Мария Владиславовна пошла к Софье, подойдя к ней, улыбнувшись, сказала:
– Простите меня! Поймите, что без Вадима мне скучно в Петербурге. Он нужен мне.
– Почему бы вам не жить здесь?
– Это невозможно. У меня привычка к столице. В ней все, что окружало мою жизнь с детских лет. С этим трудно расстаться. Но главное, у меня нет уверенности, что нужна здесь Вадиму.
– Вадим Николаевич тоже тоскует по вас. Вы всегда у него в памяти. Мы, его друзья, знаем о его любви к вам.
– Вы мне нравитесь, Софи! Вы так естественны и во всем уверены и, конечно, уверены даже в своей невиновности передо мной.
Софья после сказанного Марией Владиславовной встала.
– Не пугайтесь! Не забывайте, что я мать и знаю своего сына.
В коридоре раздался лай Старателя. Собака влетела в гостиную, радостно завиляв хвостом, обнюхивала туфли и платье Софьи.
Софья услышала голос вошедшего Новосильцева.
– Как вы обрадовали меня, Софья Тимофеевна, своим приездом. С мамой познакомились? Надеюсь, светской чопорностью она вас не напугала? Здоровы?
– Проводил, Вадим? – спросила Мария Владиславовна. – В каком настроении была Марина?
– В своем обычном. Расстались, обещав друг другу писать, совершенно не веря в это обещание.
– Софи, извините меня. Я пройду в парк. В это время всегда гуляю. Вы у нас до вечера?
– До завтрашнего утра! – ответил за Софью Новосильцев.
– Разреши взять с собой Старателя.
– Пожалуйста.
Мария Владиславовна, позвав собаку, в ее сопровождении ушла из гостиной.
– Соня, дорогая! – Новосильцев несколько раз поцеловал руки Софьи. – Вы чем-то встревожены?
– Просто немного устала с дороги. Ехала Волчьим логом.

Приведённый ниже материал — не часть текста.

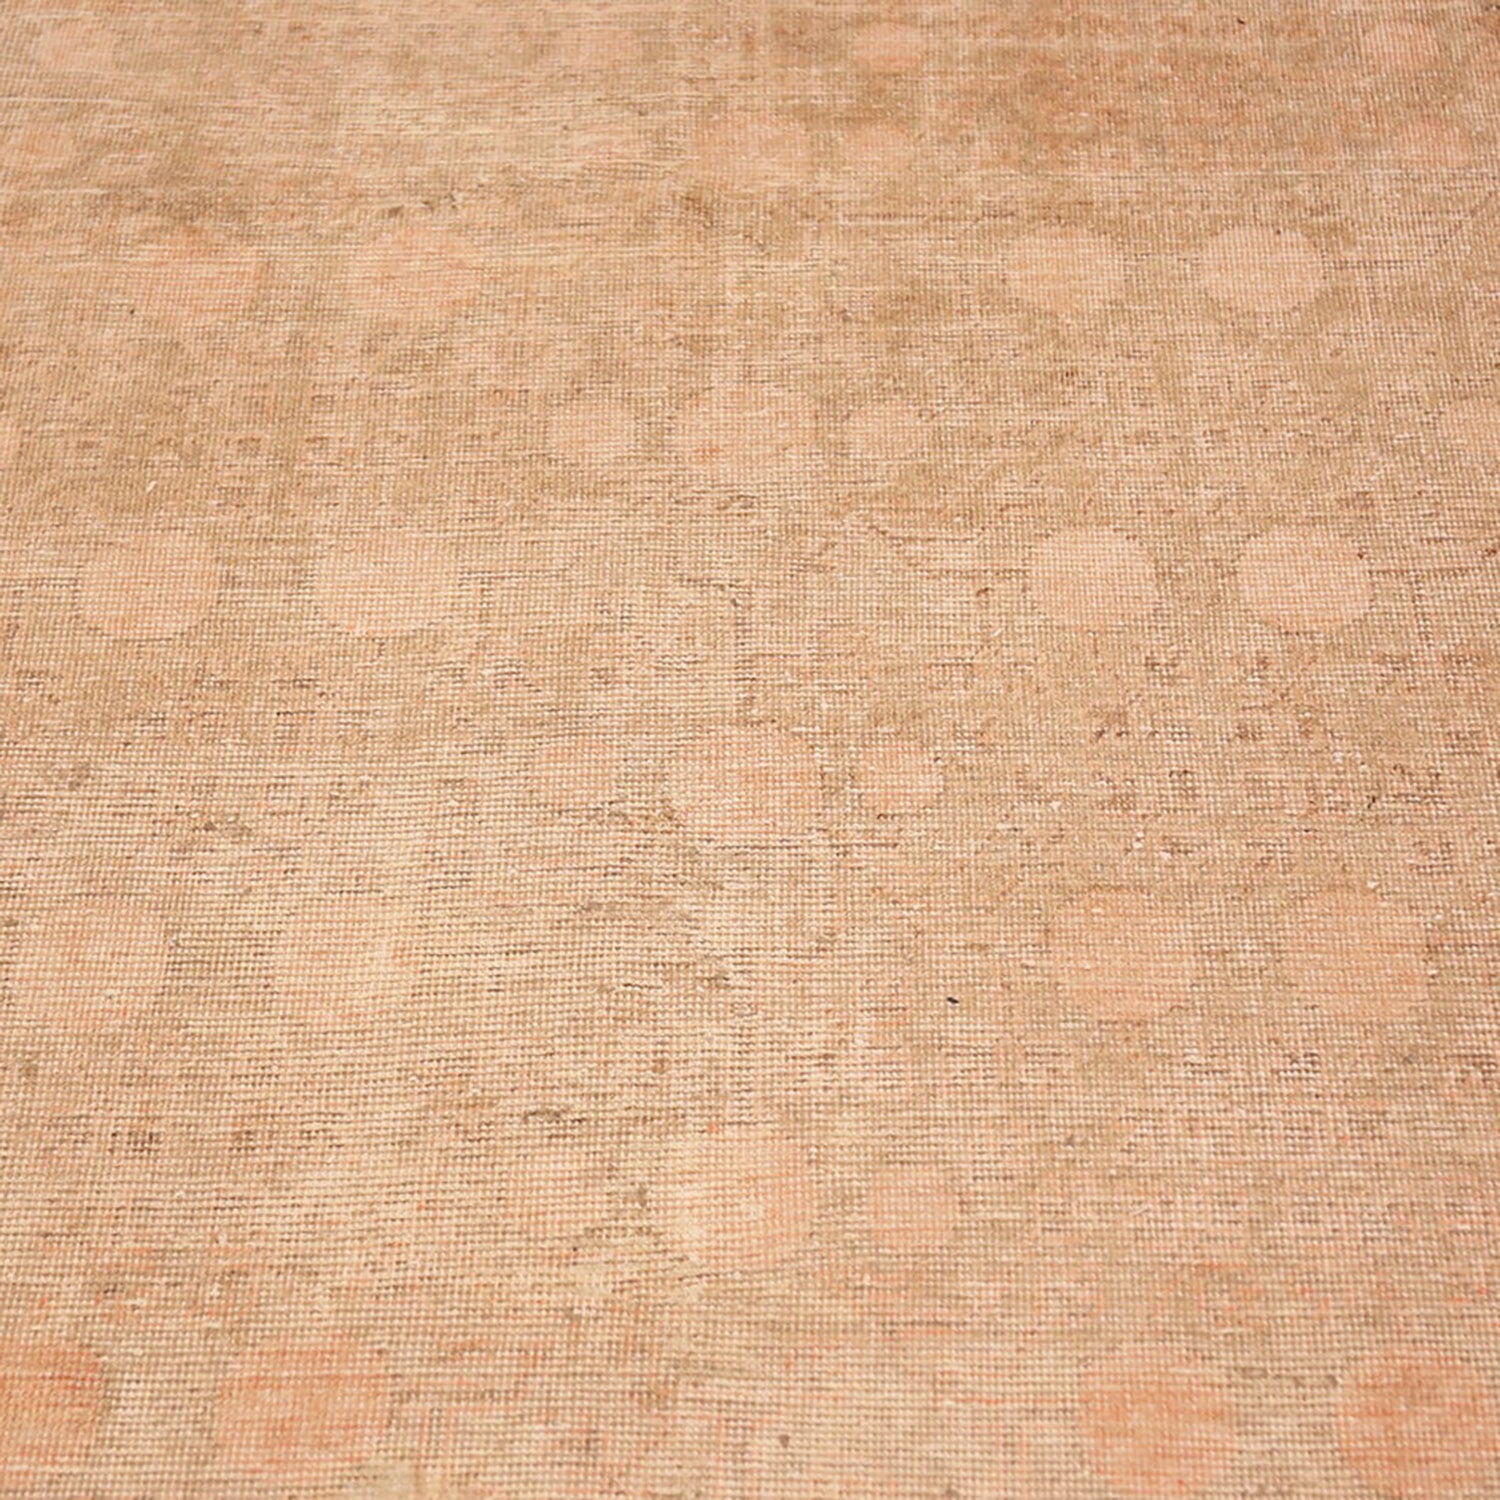 Close-up view of a beige textured surface with circular patterns.

– По самой ужасной дороге.
– Хотелось поскорей увидеть вас.
– Я очень виноват перед вами, что не известил о приезде матери. Она приехала внезапно, без предупреждения и, вдобавок, не одна. Завтра собирался привезти маму на Дарованный.
– Я волновалась. Думала…
– Вы же обещали не думать, а спрашивать. Что волновало вас?
– Ваше непонятное отсутствие.
– Приезд Марины меня так обозлил, что наговорил матери грубости. Но все это, слава богу, минуло. Обещаю вас больше ничем не волновать. А теперь пойдемте в парк. Мне хочется, чтобы мама понравилась вам.
Глава XVI
1
Август был на исходе, когда обычная трудовая жизнь на приисках Южного Урала была ошеломлена необычным известием.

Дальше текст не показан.